I was facilitating a peer conference roundtable recently when a young man began to speak. He was obviously nervous: his voice a monotone, when it wasn’t quavering. I was peripherally aware that some people didn’t seem to be listening. He paused for a moment and his eyes swept around the circle, searching for a sign that anyone cared about what he had to say. He found me.

I was leaning forward, looking directly at him, giving him my full attention. Our eyes locked and I nodded slightly. He took a breath and continued. His voice became stronger. I saw people turn back to him and he finished well.

I had just given the gift of listening, and this young man had been nourished by it.

Active listening

When I am facilitating it’s my responsibility to actively listen to what is going on, focussing my full attention on what others say and do. When I’m successful, those who are present know that there is at least one other person who is listening to them and who takes seriously what they have to say.
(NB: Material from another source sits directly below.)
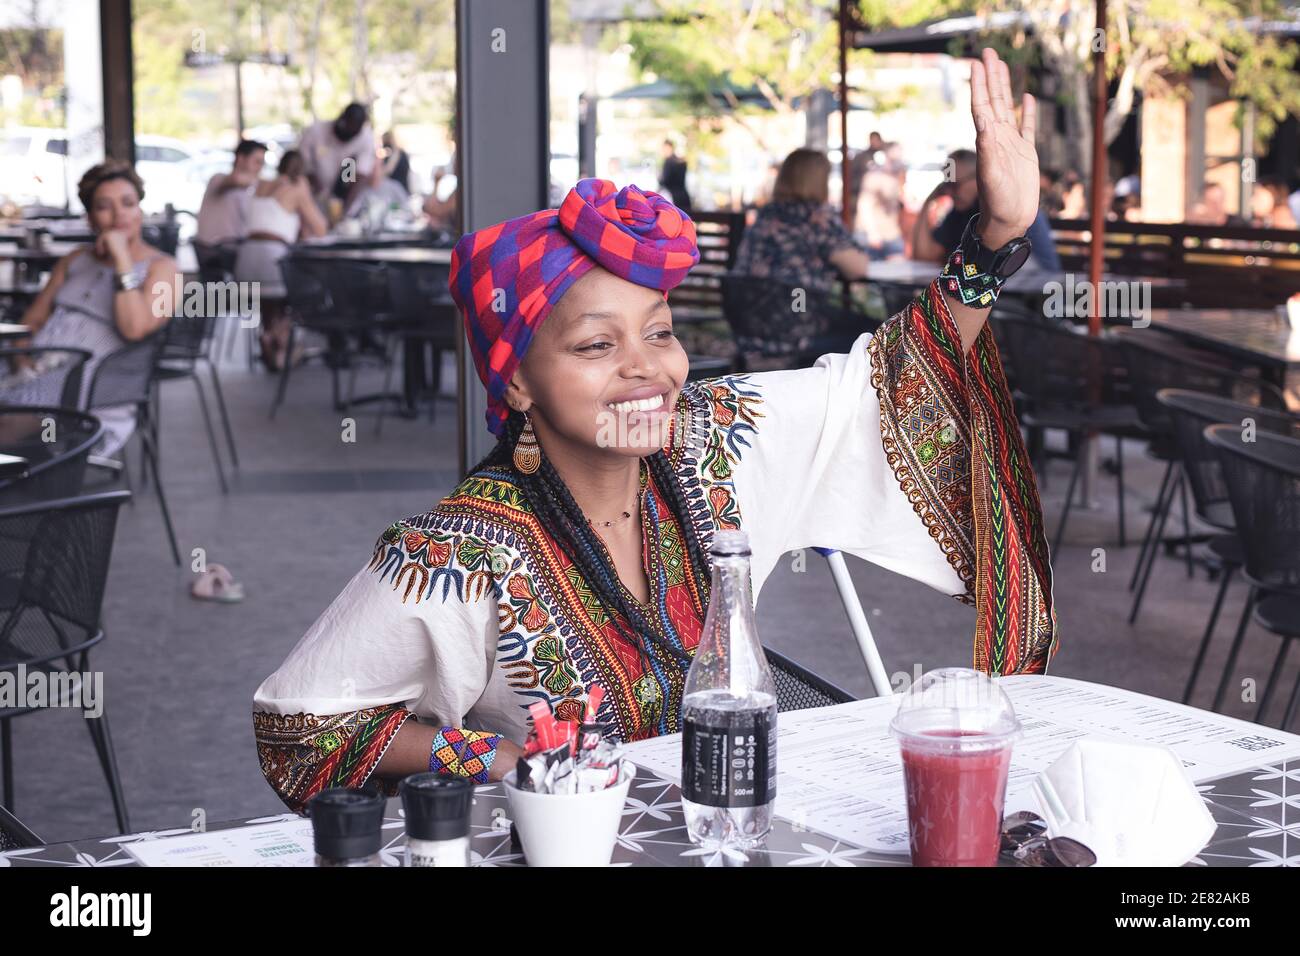 Donna africana alla moda che indossa un doek o una sciarpa della testa che ondola ad un amico Foto Stock

Listening like this is hard work. To conscientiously listen to participants for over two hours at a large roundtable is extremely challenging for me. But it’s very important. People need to be heard, and if they believe they will not be heard, why should they bother to speak? By offering good listening at the start of a peer conference, I model and encourage a conference environment where openness twinned with receptiveness becomes a safe option for participants.

There’s a wider benefit from the cultivation of this skill. Practicing listening when required by my role has helped me to be a better listener during all the times when I’m not facilitating—when I’m a participant, or with my family, or as a customer. You, too, may find that developing your ability to fully listen pays rich dividends.